Los Angeles Dodgers: Clayton Kershaw’s last stand?
You wanted be there because it could be his last start in 2021. With a looming one and done playoff game, and the uncertainty of free agency in the offseason, there was even a thought that it could be Clayton Kershaw’s final innings with the Los Angeles Dodgers.
After five outs, it ended up worse than that.
This writer watched as manager Dave Roberts walked to the mound with the Dodgers trainer in tow, and removed Kershaw from the game. Fans gave Kershaw a standing ovation as he walked off with the ball in his hand, a salute to the wounded warrior who may have walked off his honored place on the pitching mound for the perhaps the last time.
As a fan, it’s hard to be objective when the greatest pitcher of his generation — who plays for your team — meekly has to leave a pitching start. It’s even worse contemplating all the scenarios that come afterwards.
If it’s another forearm injury, does it lead to elbow damage? Is Kershaw out all of October? Are the Dodgers now going to have to pitch a bullpen game in a crucial point in a series? How badly does this hamper the team’s chances at a repeat World Series title?
We selfishly are thinking about the now and forgetting those crucial questions about the later. Will Kershaw rehab the injury for a year and re-sign in 2023? Will he retire young like the man he is often compared to, Sandy Koufax?
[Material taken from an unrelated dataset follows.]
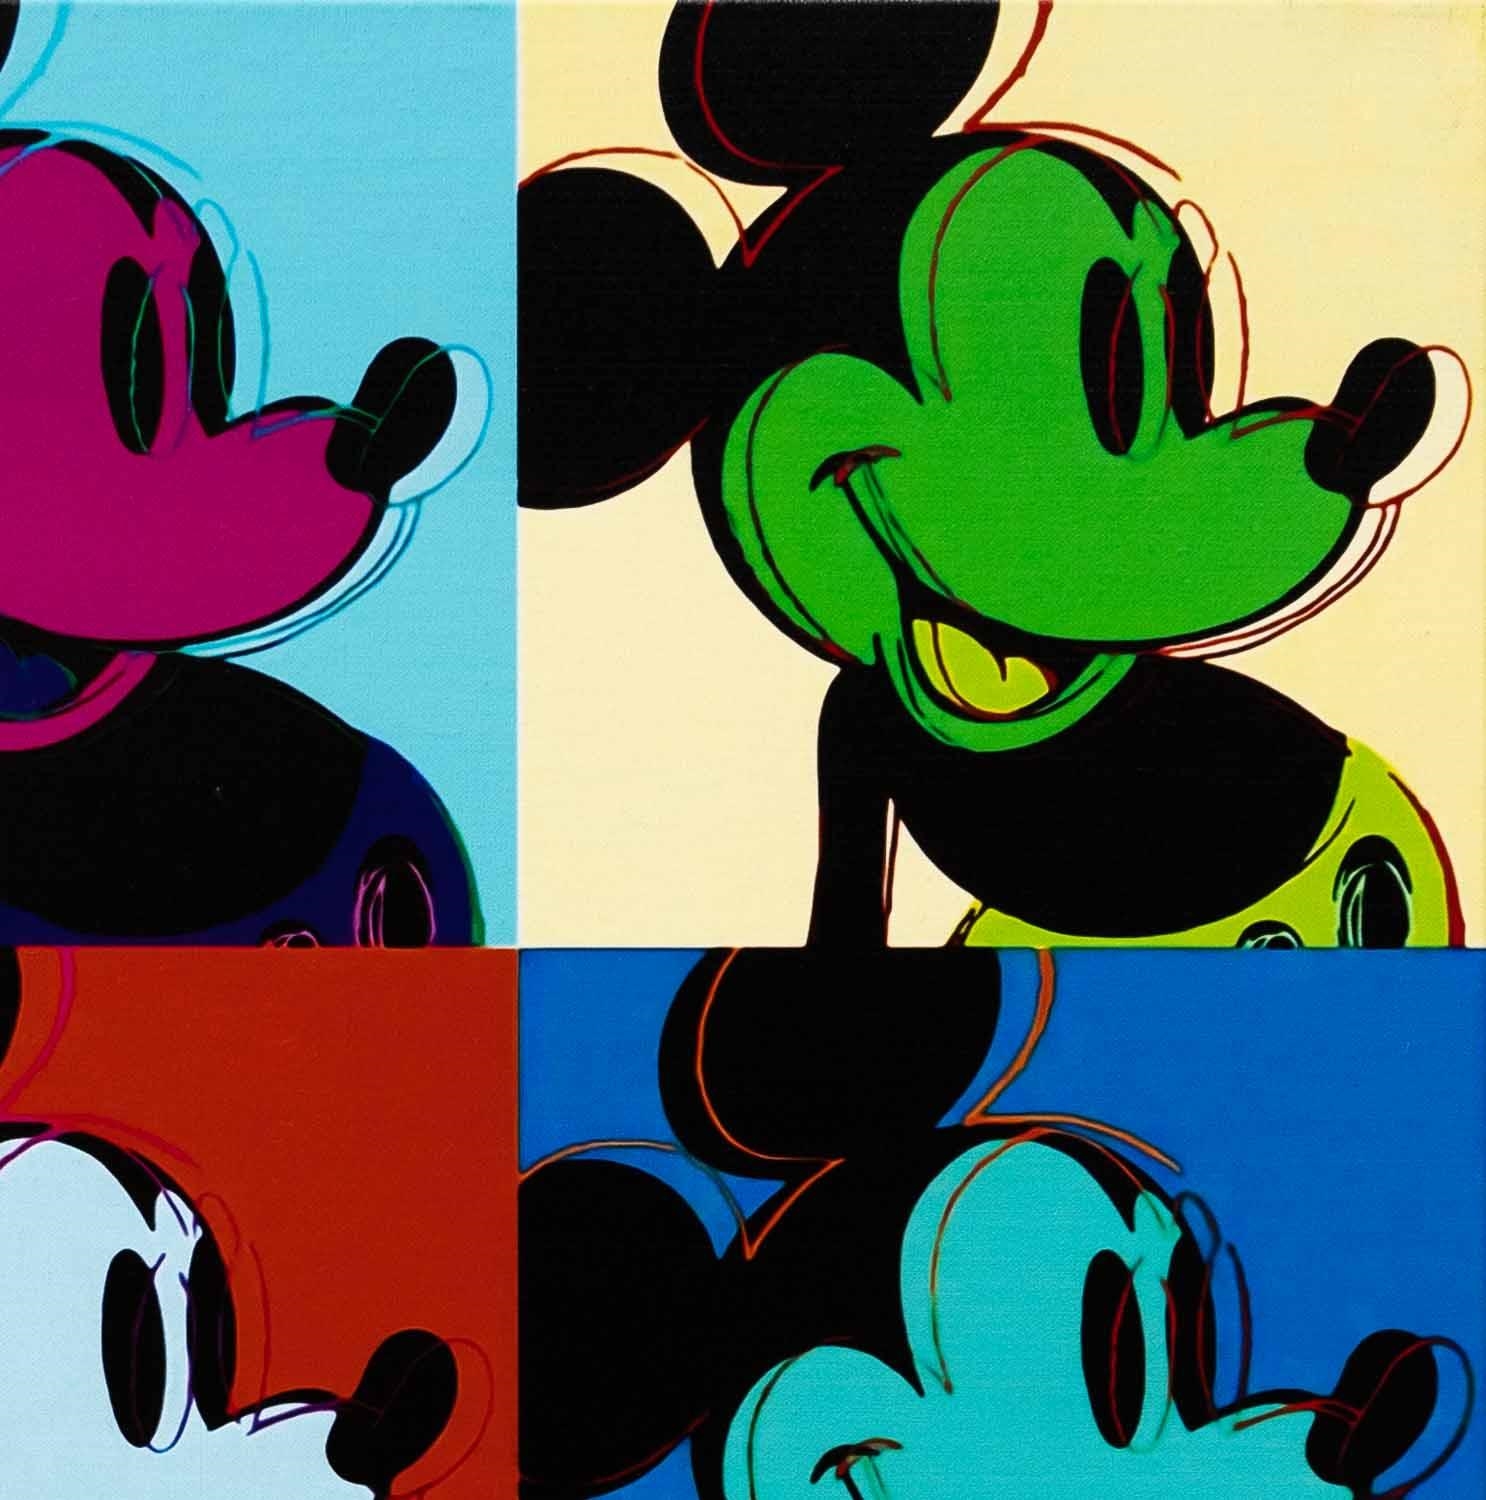 pop art andy warhol mickey mouse

Will the Dodgers move on, too impatient to wait for a comeback, and allow Kershaw to go somewhere else?
Whether it’s now or later, those questions will be answered, but we fans are left with the lingering image of a defeated Kershaw walking off the mound. Even if there’s a forthcoming happy ending, we’ll never shake that.
In the past, Kershaw was beaten by the cruel ghosts of October failures, but after finally winning a World Series ring last year, it’s the injuries that have come for him. Perhaps we can blame the overuse in his prime or the playoff starts on short rest, but that was what he wanted. He’d earned the opportunity to always be handed the ball when his team needed him most.
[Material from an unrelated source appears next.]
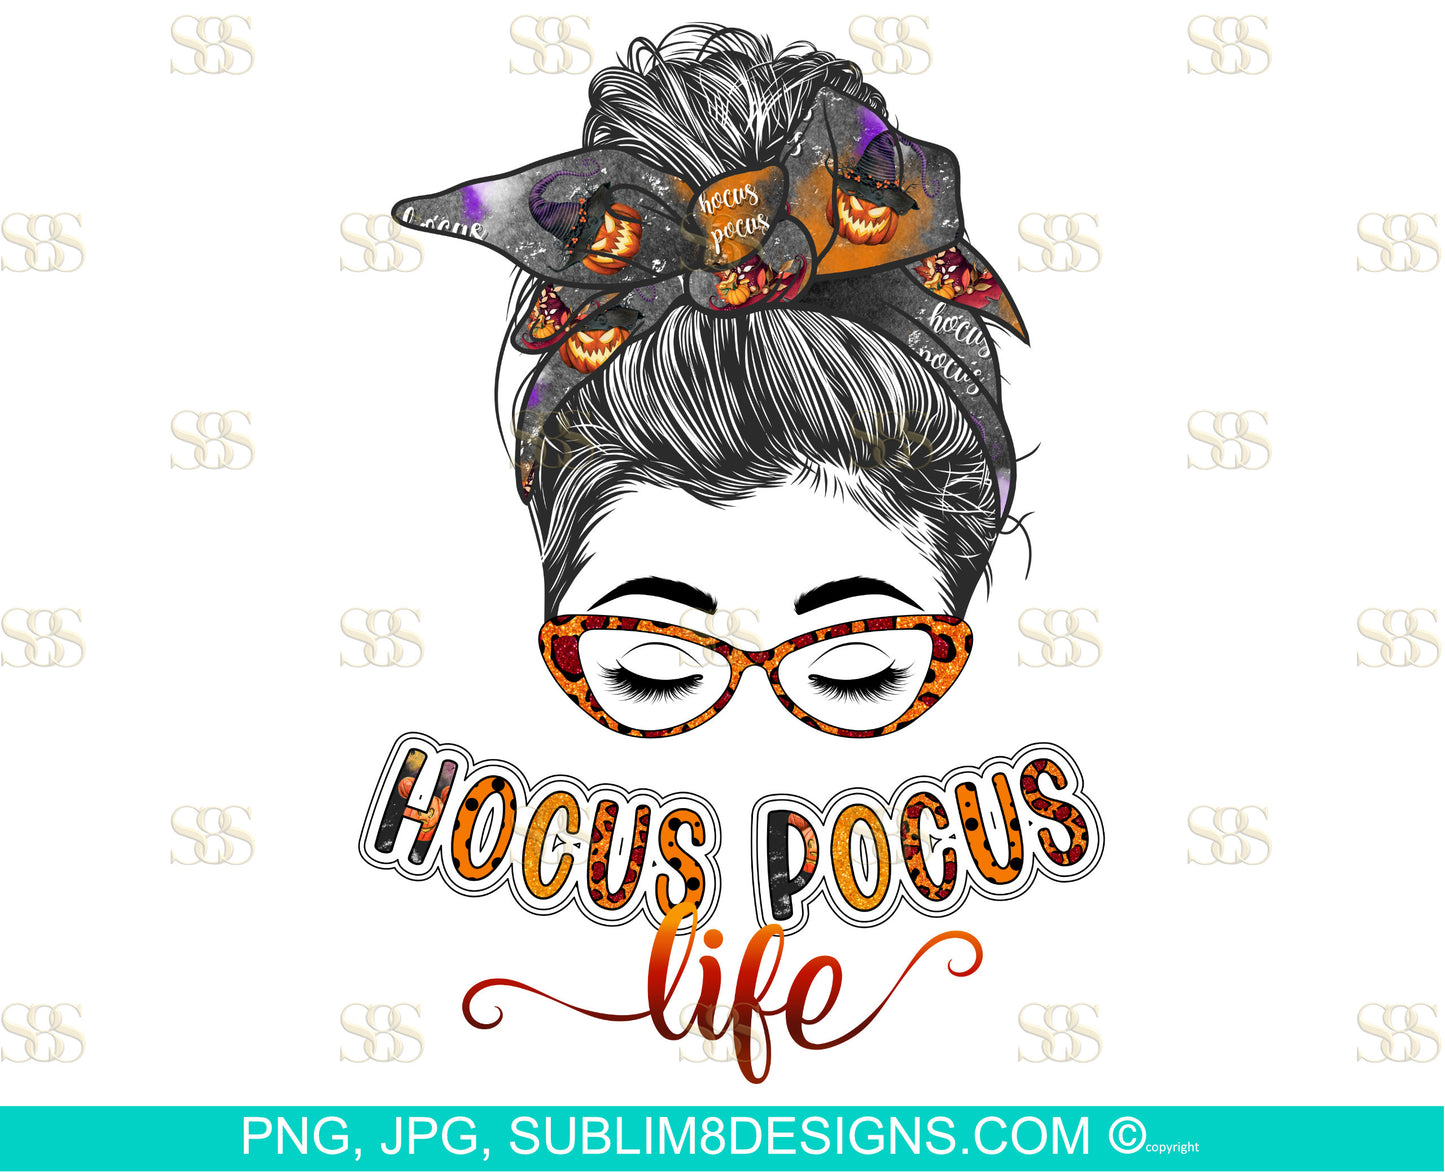 Hocus Pocus Life PNG and JPG ONLY

There’s irony in the way Kershaw’s season ended. After so many years of shouldering the burden of lifting the team on his back in hopes of October glory, the team will now have to lift Kershaw up and try to get him another ring as he sits on the sidelines.
As for me, if this was the last time Clayton Kershaw pitched for the Dodgers, then I would rather remember last October. Kershaw running out of the bullpen at Globe Life Field, eyes skyward, hands upward, running towards his teammates to embrace them as what he always deserved to be…a champion.